Most often, at facilities where they want to implement competent management, they use different reporting formats - on purchases, on GPs, debts, sales or inventories.

In order to unambiguously interpret the received information, it is looked at from different angles and various classifiers are included. How many and which ones exactly is determined based on the direction of the company’s activities, its volume and complexity. You can divide everything by types of consumers, goods, responsibilities or assets.

Contents of management reporting.

Since management reporting is intended for the management of the company in various areas. It will be different because the information for the financial director, and for the development director, or information for shareholders, is needed differently. Therefore, reporting should be different. Depending on who exactly it is provided for. If reporting is generated, for example, for the financial director. It may contain: various financial information, such as data on the execution of the enterprise’s budget; information on costs associated with business activities; figures reflecting the cost of goods or services produced; profit and loss data. If management reporting is generated for the Deputy Director of Sales. It will contain other reports such as information on the sales structure; data on the dynamics of product shipments; information about stocks in the warehouse; data on the cost of selling goods or delivering to consumers; planned indicators regarding the receipt of goods at the warehouse; information on accounts receivable for sold items.

One report can be designed as a table, another as a graph, and various examples can be given in the report to make it more clear.

As you can see, each manager heading a certain direction has his own list of reports included in management reporting. To avoid discrepancies, I strongly recommend working through this moment “on the shore”. In order to make it clear in advance what kind of reporting and for whom, it is necessary to generate. A sample of each report must be agreed upon with interested parties.

It is also necessary to discuss the frequency of generation of management reporting. Because some data is needed once a month, and some every day. It is better that all these points, in terms of the composition of management reporting and the frequency of its formation, are recorded on paper.

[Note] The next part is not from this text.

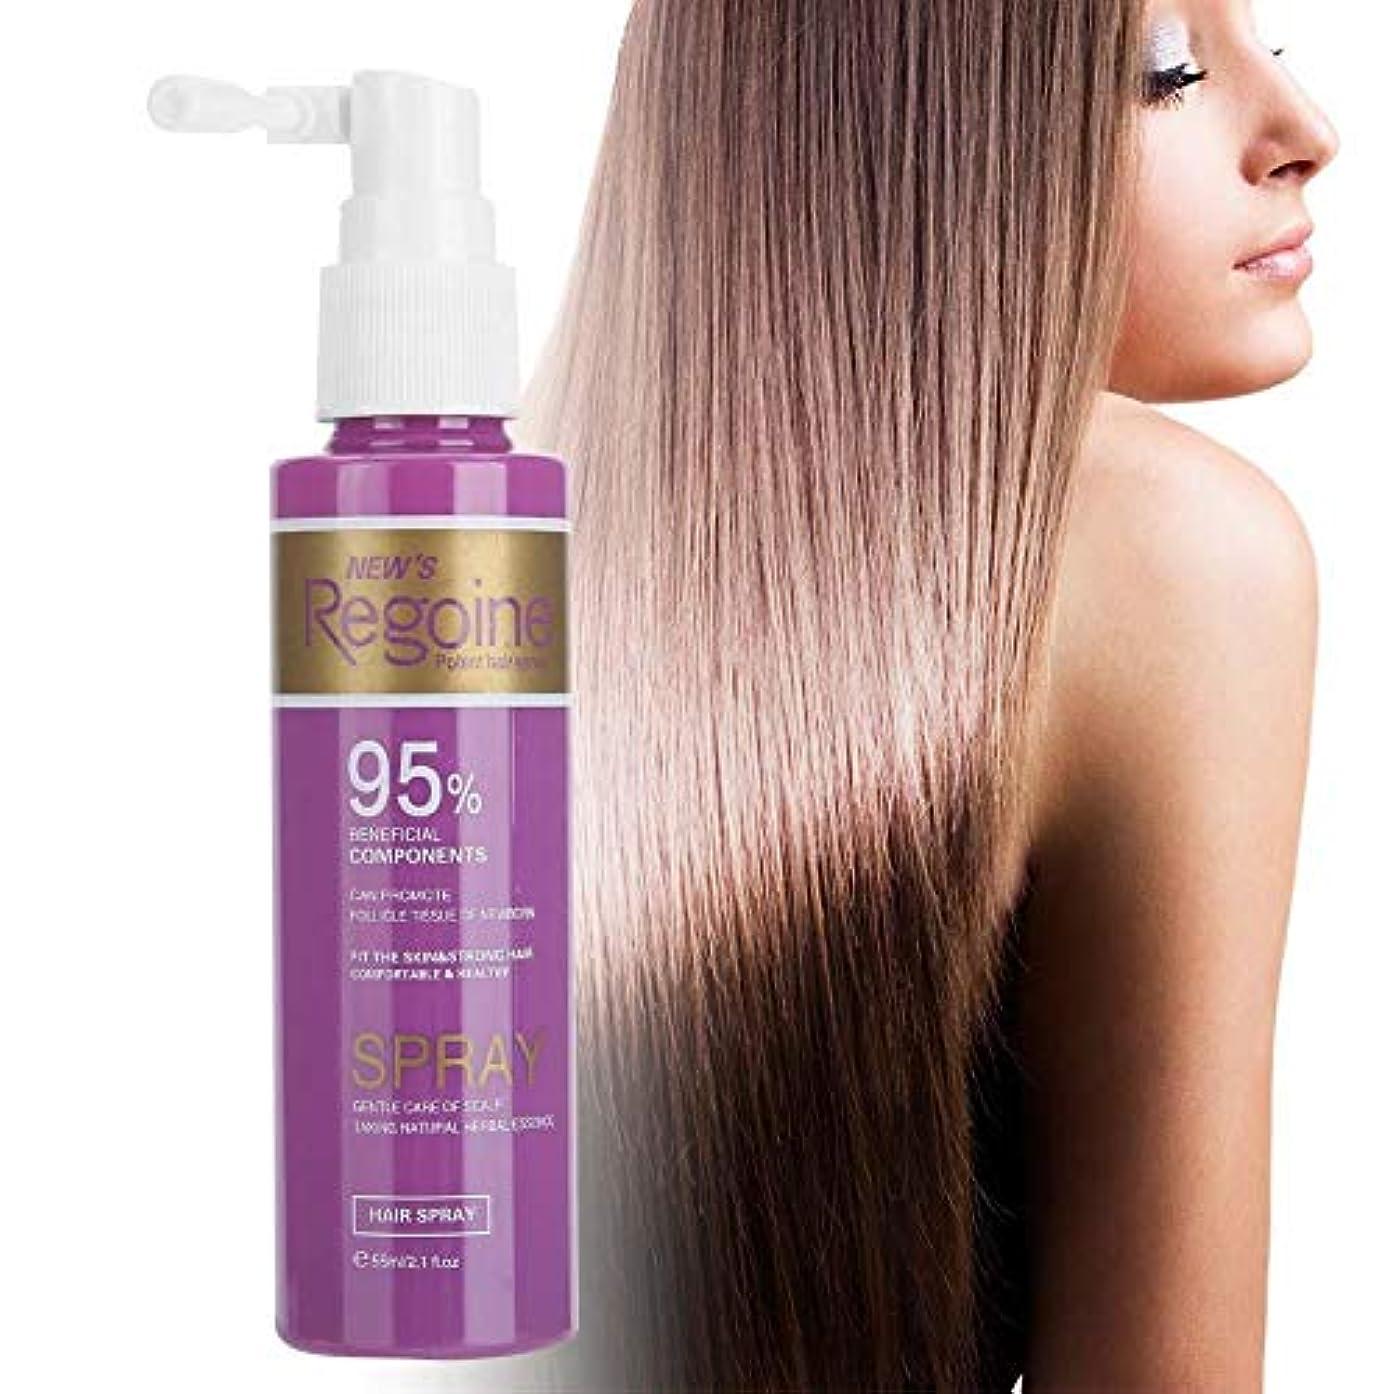 噴水皮肉な振り子育毛、育毛、育毛促進、育毛のための美容液薄毛増毛再生治療のための抗脱毛

Business management experts highly recommend it. Pay special attention to the preparation of reporting for shareholders. Shareholders often do not directly participate in the company's activities. They are more interested in information about the profits or losses received. Also, key shareholders may need an analytical report on the composition of the company's top management. Since the types and forms of management reporting are not regulated by Russian legislation. They can and should be specified in the company’s internal documents. It is good if the reports are pre-agreed by the interested manager and the person preparing the reports.

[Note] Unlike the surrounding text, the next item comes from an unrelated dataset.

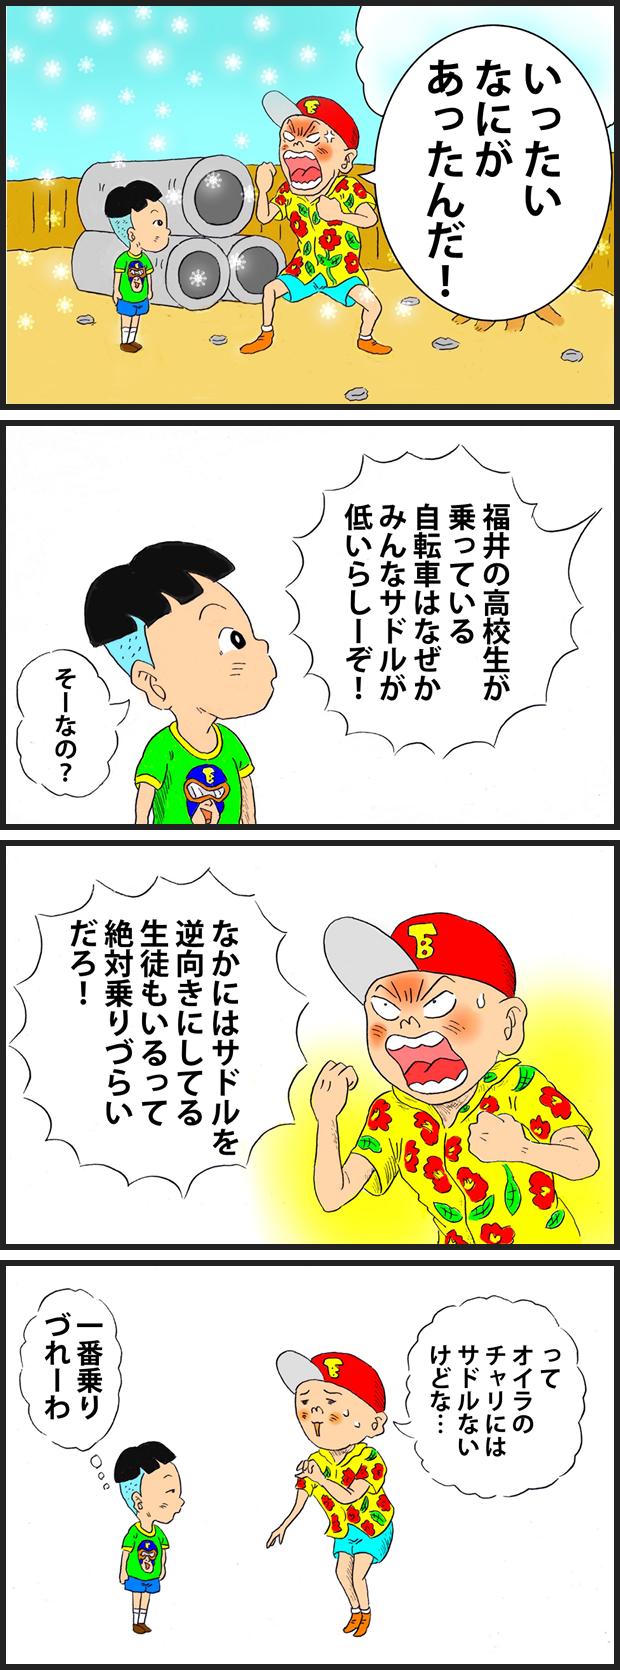 279 福井の謎ルール

The person responsible for the formation of such reporting, first of all, must receive information about which manager and what kind of reporting should receive. What is the reporting frequency? Which reports are priority and which are secondary.

Creating a Report (budget) of income and expenses in WA: Financier

A specialized solution based on 1C, for example, WA: Financier, can help greatly simplify management accounting and overcome all the listed difficulties. The system offers its own “philosophy” of accounting, based on the best practices and experience of specialists, is flexibly customized to the individual needs of the customer, “stands” separately from the regulated accounting base, consolidates data by setting up an exchange, which helps to avoid double entry, and also, since it is developed in the 1C environment, has an interface and operating logic familiar to many.

Go to the “Custom reporting - Custom budgets” section, click the “Create” button.


Fig.5 Arbitrary budgets

We assign a name and type to the report.


Fig.6 Creating a custom budget

We select the budget items (items) that will participate in the report.


Fig.7 Budget items

We assign a key and sign for each article.


Fig.8 Setting up an article

We make general settings for the entire report on the second tab “Settings”


Fig.9 General settings

Set up the necessary groupings and click “Create”.


Fig. 10 Groups

The report has been generated.

Modern solution WA: Financier for management accounting, standard implementation in 1 month.


Fig. 11 Budget of income and expenses

In addition, the Report (Budget) of income and expenses can be generated using standard reports in the Budgeting-Budget Execution section and click the generate button


Fig. 12 Budget execution

We get a budget of income and expenses.


Fig. 13 Budget of income and expenses

A similar report on cash receipts and debits (CBDS) is available in the WA: Financier module. Cash management.


Fig. 14 Execution of BDDS

In the “Settings” section, you can flexibly manage the detail of the report - generate it in the context of any available analytics, by group of companies, by any central federal district, organization, etc.


Fig. 15 “BDDS Execution” settings

Stages of generating management reporting.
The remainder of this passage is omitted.